*DATA*.
****************

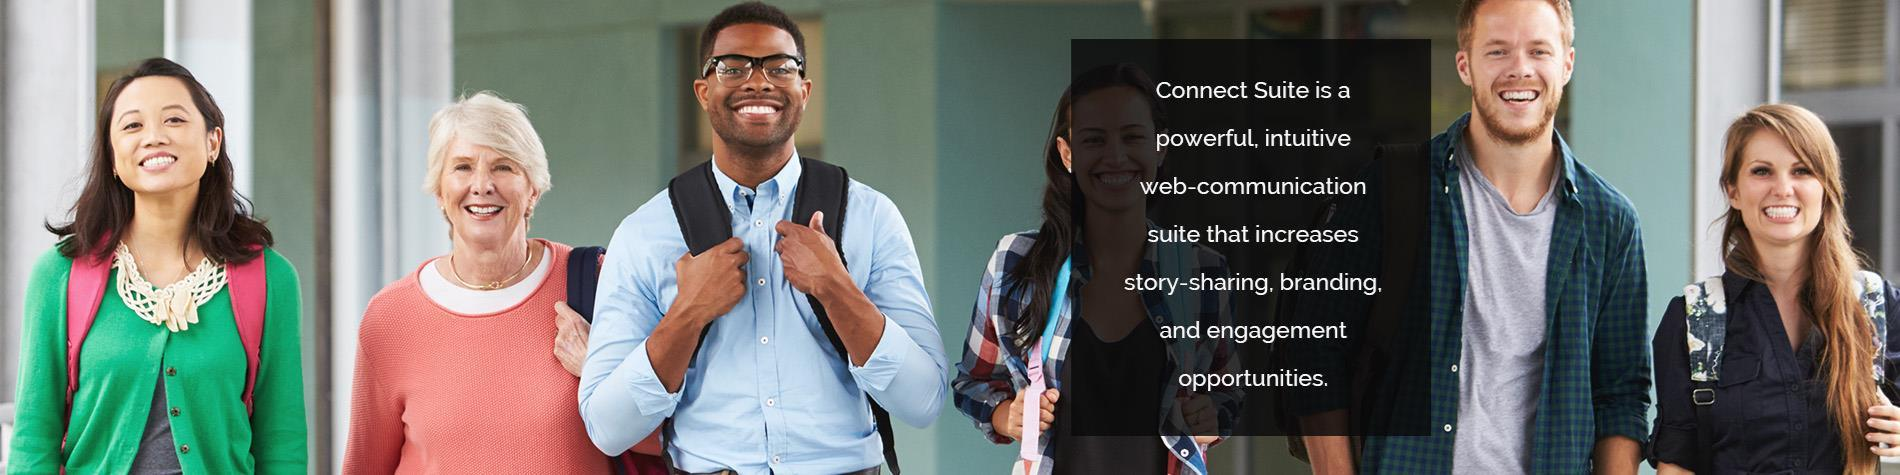 Connect Suite
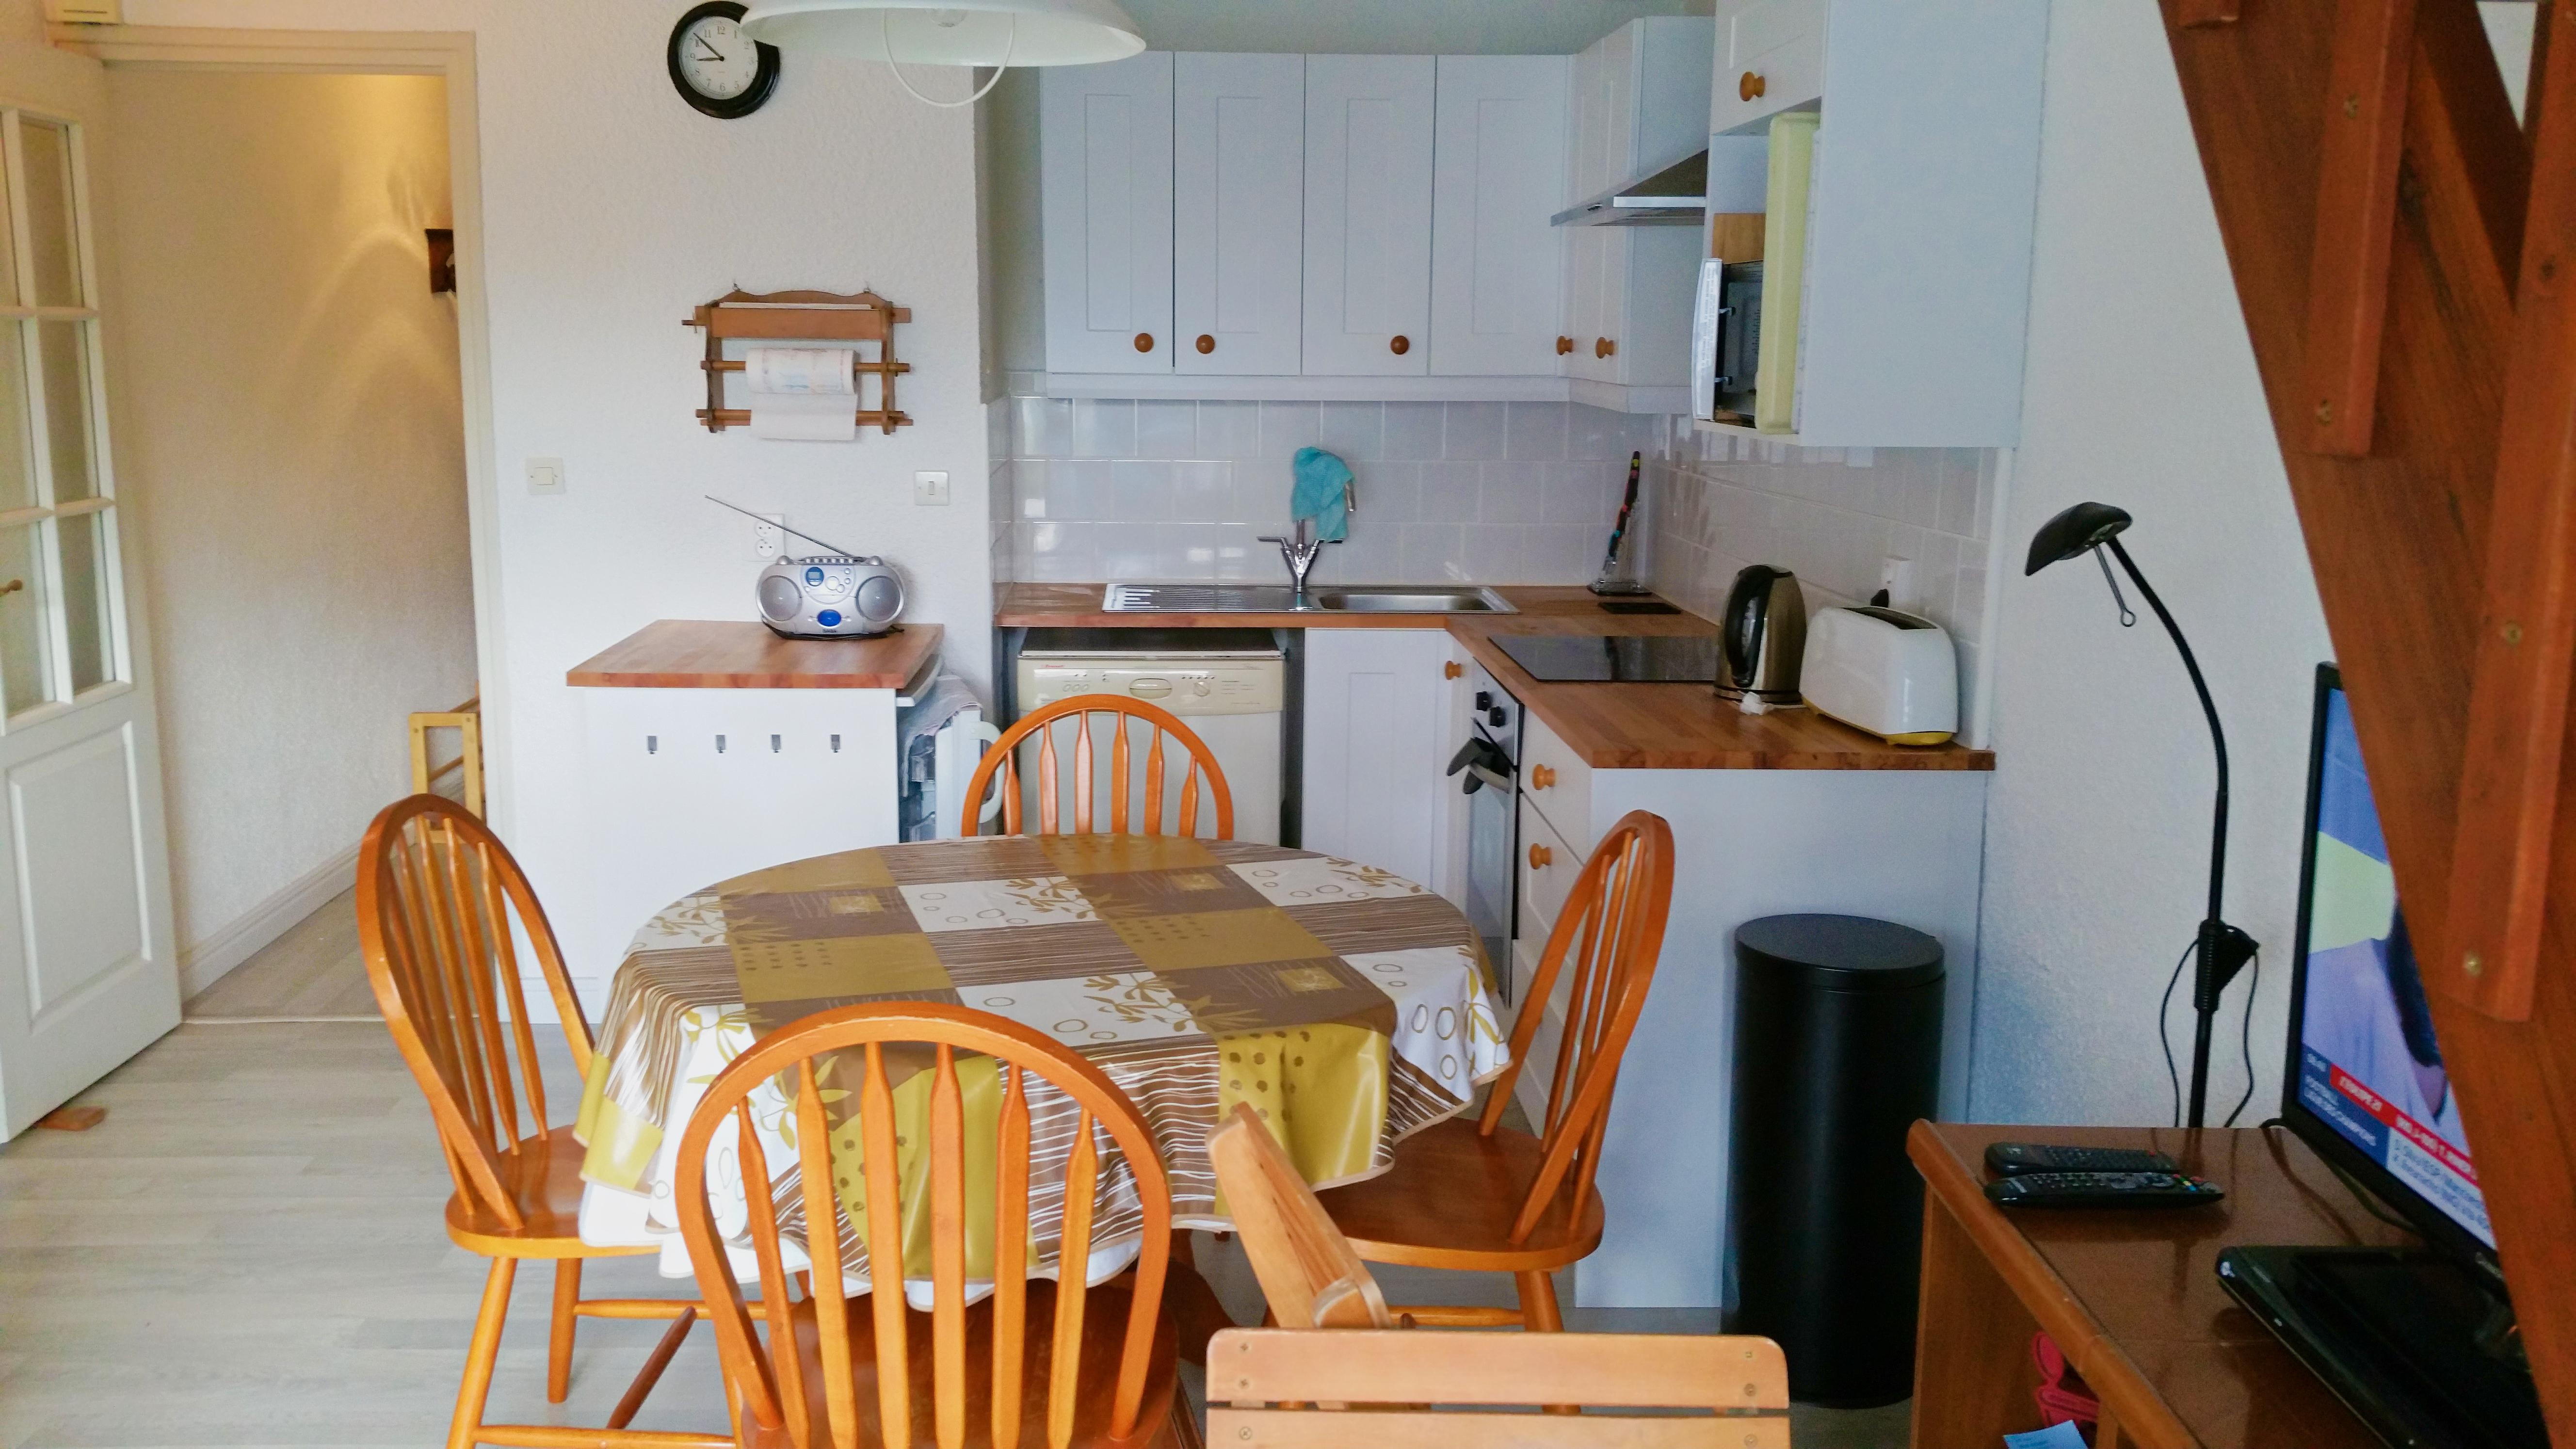 May Village Apartment Le Touquet - Kitchen
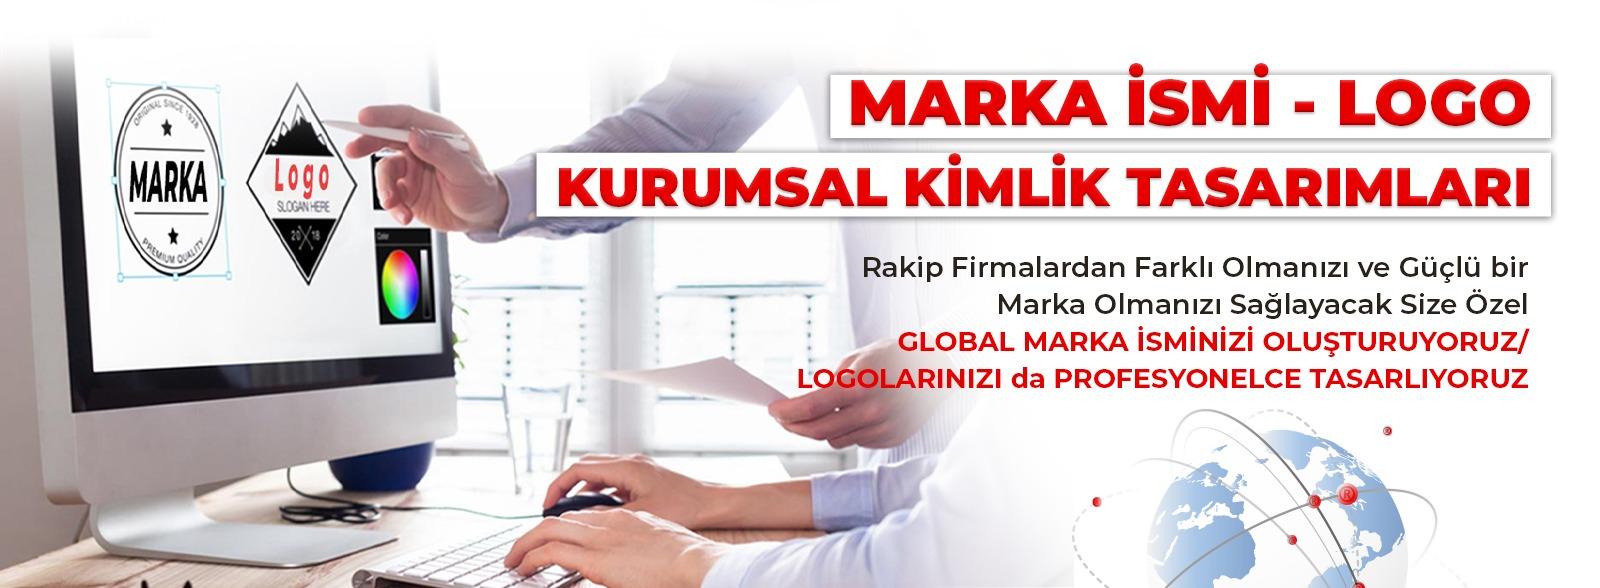 Markalize Banner - 181

****************

None of the pictures should be reproduced; all other material above must be set down exactly.

 Connect Suite
 May Village Apartment Le Touquet - Kitchen
 Markalize Banner - 181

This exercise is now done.